Of course, this isn’t a particularly cheery work – there’s no getting around that. It’s a dark, gripping story, full of unnerving emotional depths. On the other hand, the impact of Wozzeck will leave you stunned and deeply moved. If you love great drama, whether onstage or onscreen, Wozzeck is your perfect entry point to opera.

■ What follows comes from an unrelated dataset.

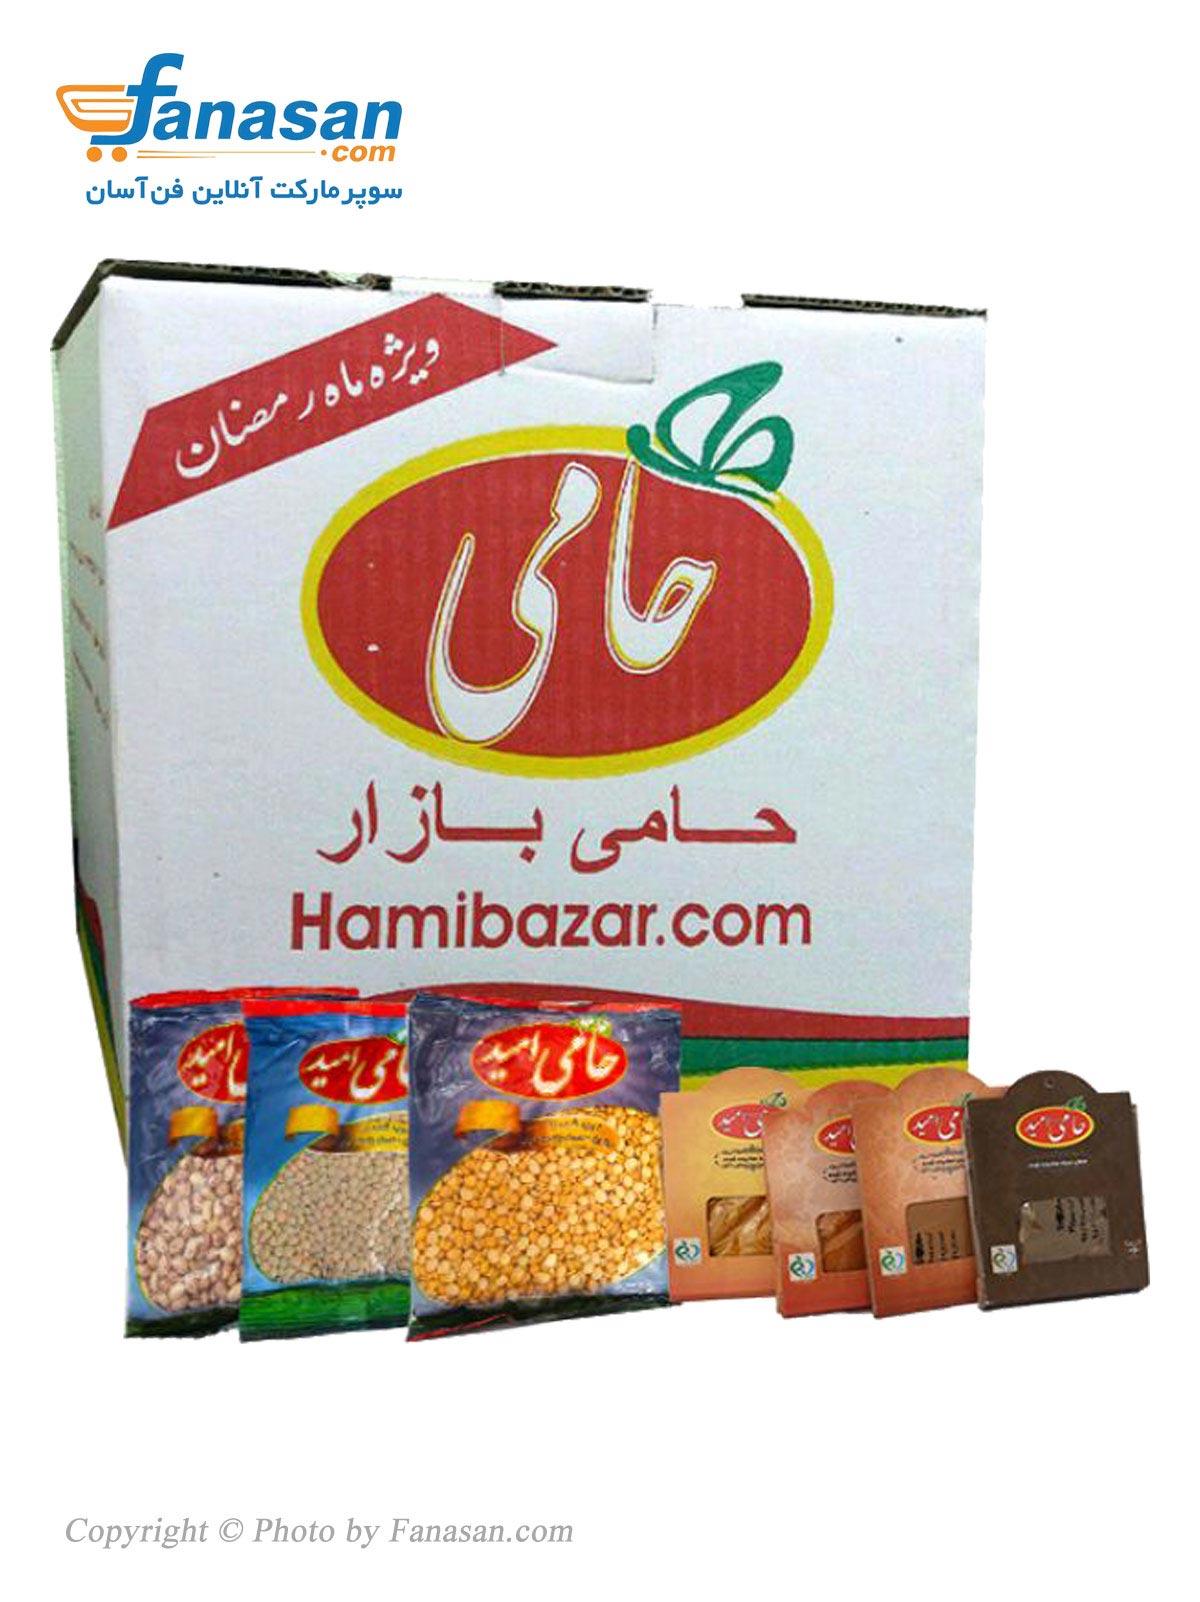 بسته غذایی حامی امید ویژه ماه مبارک رمضان

Wozzeck overwhelmed me for the first time more than 40 years ago. I remember seeing it as a teenager at Covent Garden in London, at a time when I was beginning to get completely hooked on the glories of this art form. I’d never experienced anything like Wozzeck, and it remains a piece that, in my view, makes a unique impact. It’s very short, and both dramatic and romantic at the same time. The brilliance with which every scene is constructed, the devastation of the title character in understanding the betrayal of the woman he loves, the final catastrophe that overtakes them both – all of this stays with you forever. It unfolds to riveting, astoundingly imaginative music.
Conducting Wozzeck requires the abilities of a superbly skilled and profoundly expressive musician. We’re exceedingly fortunate that our music director, Sir Andrew Davis, will be on the podium for this production. Berg’s music is one of his great passions, and he’s conducted it all over the world with great distinction. The only major work of Berg that Sir Andrew has yet to conduct is Wozzeck, which he has longed to do for many years. It will be enormously exciting for all of us to share what is unquestionably a hugely significant milestone in his operatic career.
Sir David McVicar is an immensely distinguished director whose work has been seen at Lyric repeatedly and with consistently outstanding success over a period of nearly 15 years. When Sir David discussed his approach to Wozzeck with me, I was impressed by the fact that he is treating it as a romantic story. He has set the opera at the end of World War I, in the aftermath of that great destructive conflict, presenting characters affected in widely different ways by the traumas of contemporary society.
Lyric has welcomed the greatest artists in the world for more than six decades. While giving extraordinarily talented young singers major opportunities (notably members of our Ryan Opera Center, several of whom are performing in Wozzeck), we continue to relish visits from eminent artists internationally and give them rewarding opportunities for Lyric debuts. No fewer than five important European singers in Wozzeck – Tomasz Konieczny, Angela Denoke, Stefan Vinke, Gerhard Siegel, and Brindley Sherratt – are all new to Lyric this season, and I couldn’t be more excited about that.
After seeing and hearing Wozzeck at Lyric, I know you’ll agree with me that the superb talents involved in this new production have created an unforgettable piece of music theater, doing full justice to the genius of Alban Berg.